In education, retrieving and assembling test items from a previously validated and curated item database into comprehensive examination forms is a real challenge. While a significant focus is on the research and development of models for Automatic Item Generation (AIG), the crucial task of assembling examination forms still needs to be explored. This gap presents an opportunity for research and development, especially in creating effective and efficient methods for assisted and automatic exam assembly.

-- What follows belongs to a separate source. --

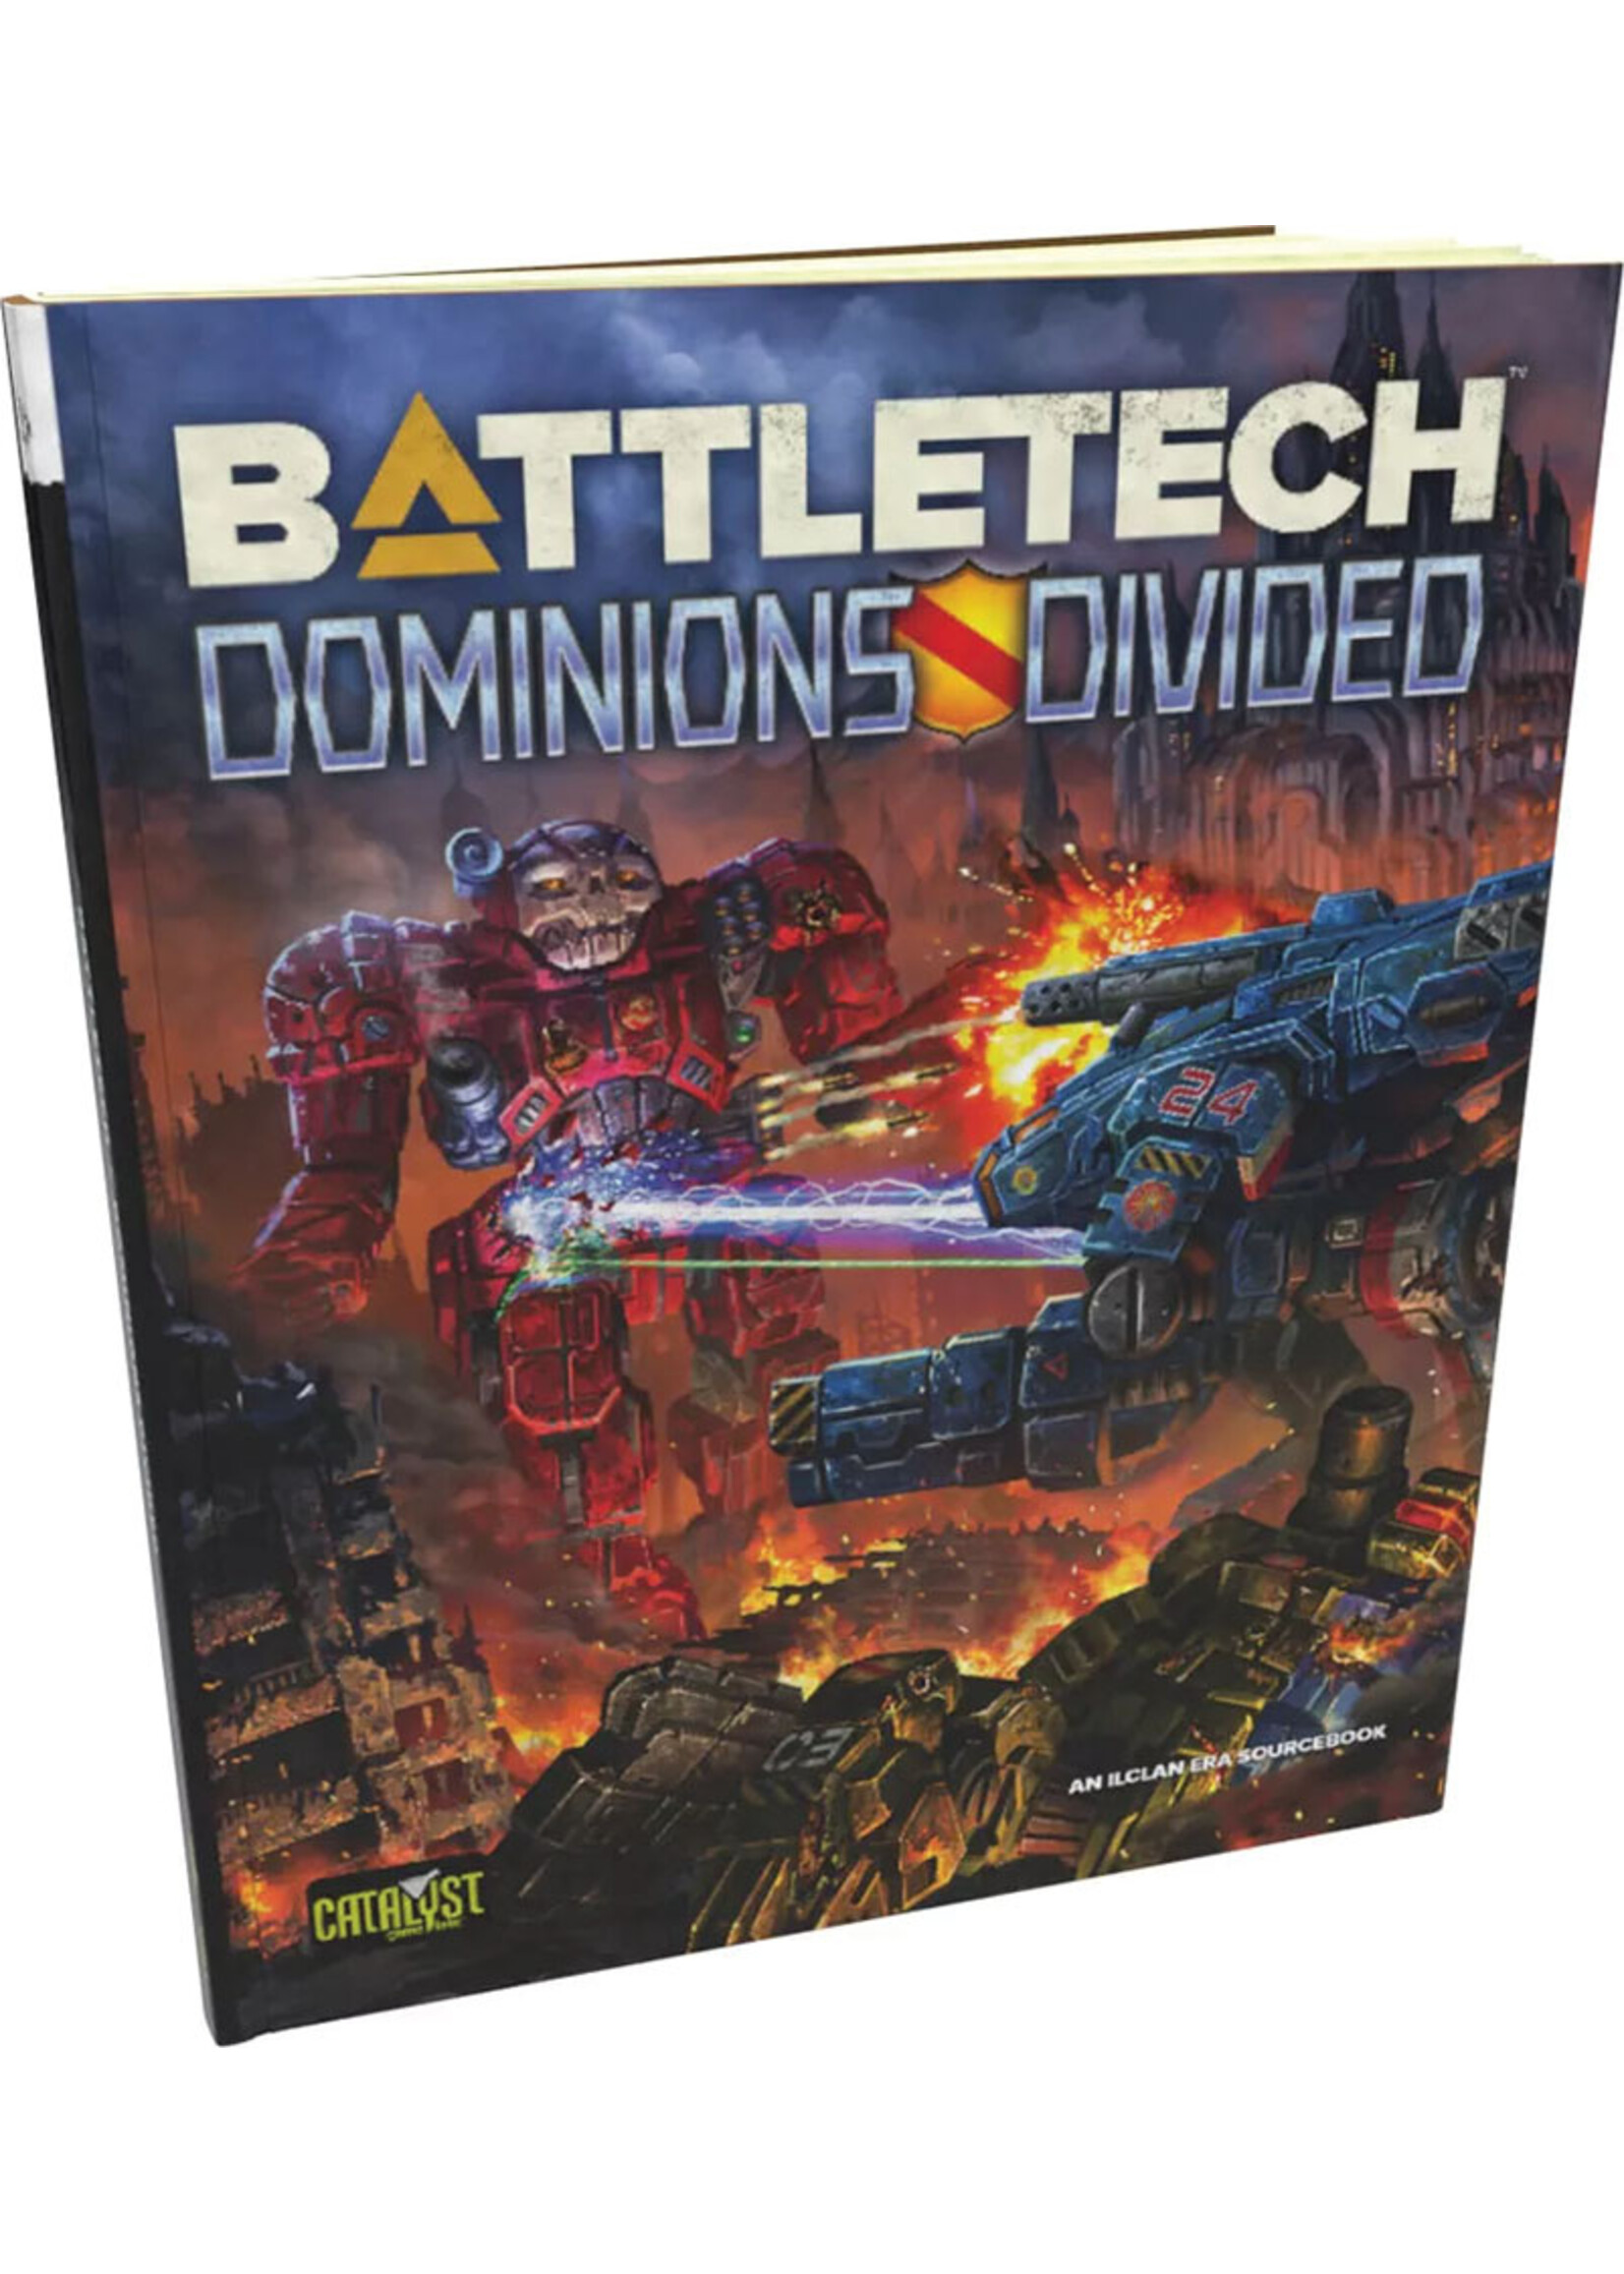 Battletech BattleTech: Dominions Divided

While collaborating with the bfz group, Germany's leading vocational training provider, we identified the difficulties of curating an item database and filtering relevant test items for building (or assembling) formative examination forms. To address this challenge, we formulated the exam assembling process as an information retrieval task. We implemented and deployed a proprietary search service and tool to assist vocational educators in assembling examination forms. This system facilitates acquiring or crowdsourcing ground-truth expert data from manual exam assembly processes. As a system demonstration, we released EdTec-QBuilder, the public fork of our search service and tool.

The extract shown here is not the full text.